Infatti, Dio non si stanca mai e non può mai essere disturbato, non dorme e non fa sforzi per svegliarsi, sta con le porte sempre aperte per risponderci, pronto ad ascoltarci ventiquattro ore al giorno. Non si irrita mai e, al contrario, si rallegra per la nostra insistenza. Quando la nostra ostinazione raggiunge il grado massimo di insistenza, lì avremo trionfato nella nostra preghiera.
9 “Ebbene io vi dico: Chiedete e vi sarà dato, cercate e troverete, bussate e vi sarà aperto. 10 Perché chi chiede ottiene, chi cerca trova, e a chi bussa sarà aperto”.
Le metafore contenute in questi versetti confermano la nostra fede nel grande e infallibile potere della preghiera. Sono il riassunto di una legge soprannaturale, sintesi dell’infinita misericordia del Sacro Cuore di Gesù, e infondono nelle nostre anime la sicurezza fatta di luce, serenità e pace.
11 “Quale padre tra voi, se il figlio gli chiede un pane, gli darà una pietra? O se gli chiede un pesce, gli darà al posto del pesce una serpe? 12 O se gli chiede un uovo, gli darà uno scorpione? 13 Se dunque voi, che siete cattivi, sapete dare cose buone ai vostri figli, quanto più il Padre vostro celeste darà lo Spirito Santo a coloro che glielo chiedono”.
Se i genitori in questa Terra di esilio, imperfetti come sono, non desiderano mai il male per i loro rispettivi figli e cercano sempre di dar loro ciò che è buono e il meglio, tanto più questo vale per Dio, il Bene sostanziale, nel rapporto con chi ha creato.
IV — Conclusione
La Liturgia di oggi condensa in pochi versetti un vero trattato della preghiera. Dobbiamo pregare sempre. Se Dio ci esaudisce immediatamente, con gioia sappiamo ringraziarLo. Approfittiamo della sua infinita paternità e se ci sottopone alla prova dell’attesa, non scoraggiamoci mai, perché il viaggiatore ha ottenuto senza indugi e difficoltà l’alimento e l’ospitalità di cui necessitava, grazie all’amicizia del suo ospite; mentre quest’ultimo, con la sua perseverante insistenza, ha ottenuto i pani indispensabili per esaudire il suo ospite.

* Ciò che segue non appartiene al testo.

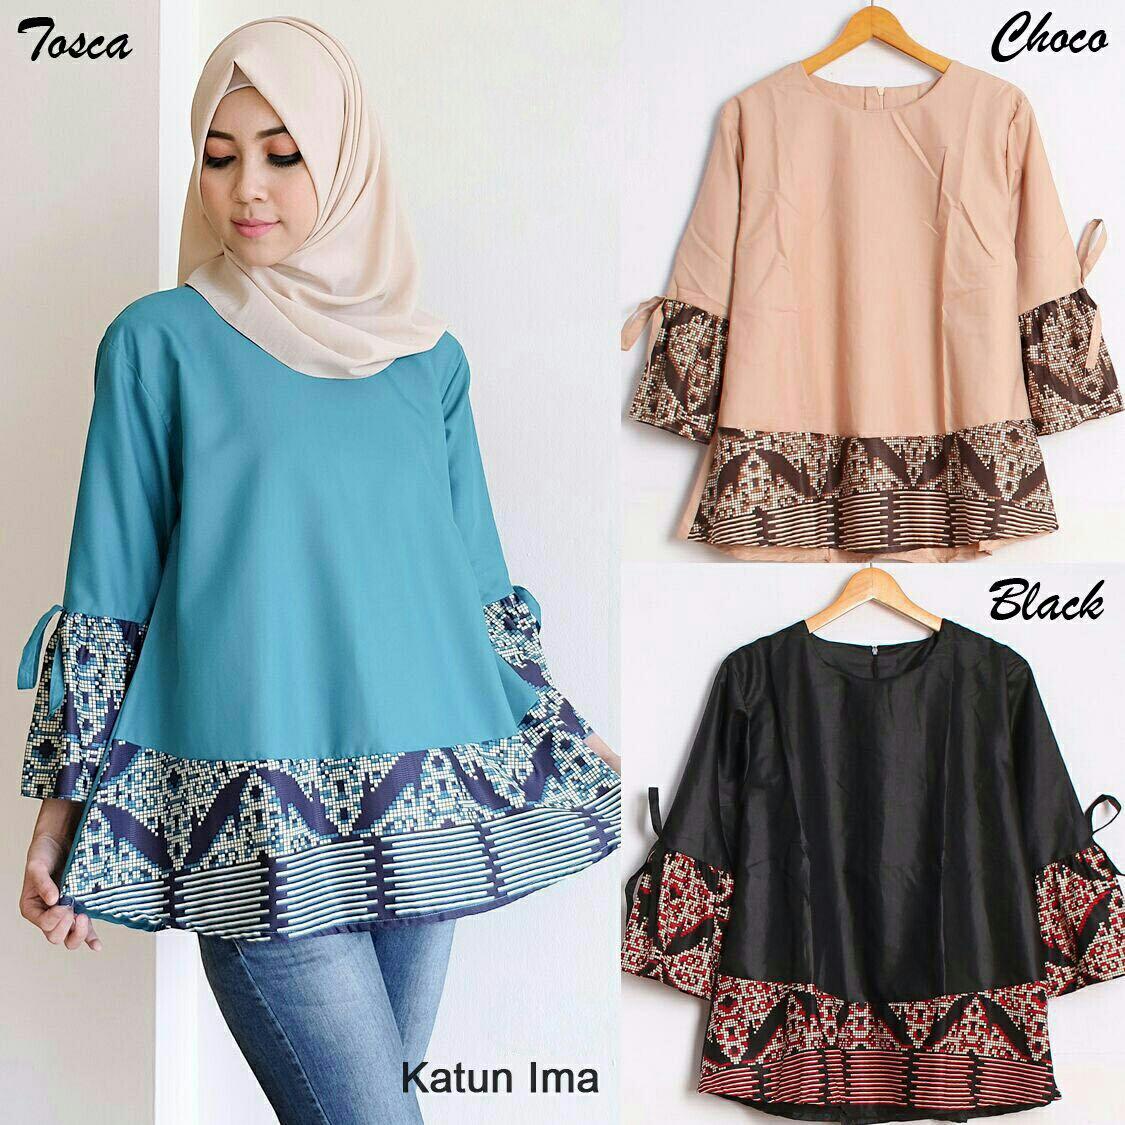 Baju Batik Kombinasi Batik: Baju Lengan Panjang Kombinasi Batik Untuk Wanita Berjilbab

In ogni caso, sia l’uno che l’altro sarebbero stati meglio serviti se avessero potuto ricorrere a Maria, Madre di Misericordia, Mediatrice di tutte le grazie.
1) Cfr. JOURDAIN, Zéphyr-Clément. Somme des grandeurs de Marie.
Paris: Walzer, 1900, t.I, p.56-57.
2) Cfr. SAN TOMMASO D’AQUINO. Somma Teologica. III, q.21, a.4.
3) Idem, II-II, q.83, a.11.
4) SAN CIRILLO, apud SAN TOMMASO D’AQUINO. Catena Aurea.
In Lucam, c.XI, v.1-4.
5) SAN GIOVANNI CRISOSTOMO, apud SAN TOMMASO D’AQUINO, Catena
Aurea, op. cit.
6) ORIGENE. De Oratione, XXIX, n.15.17: MG 11, 541.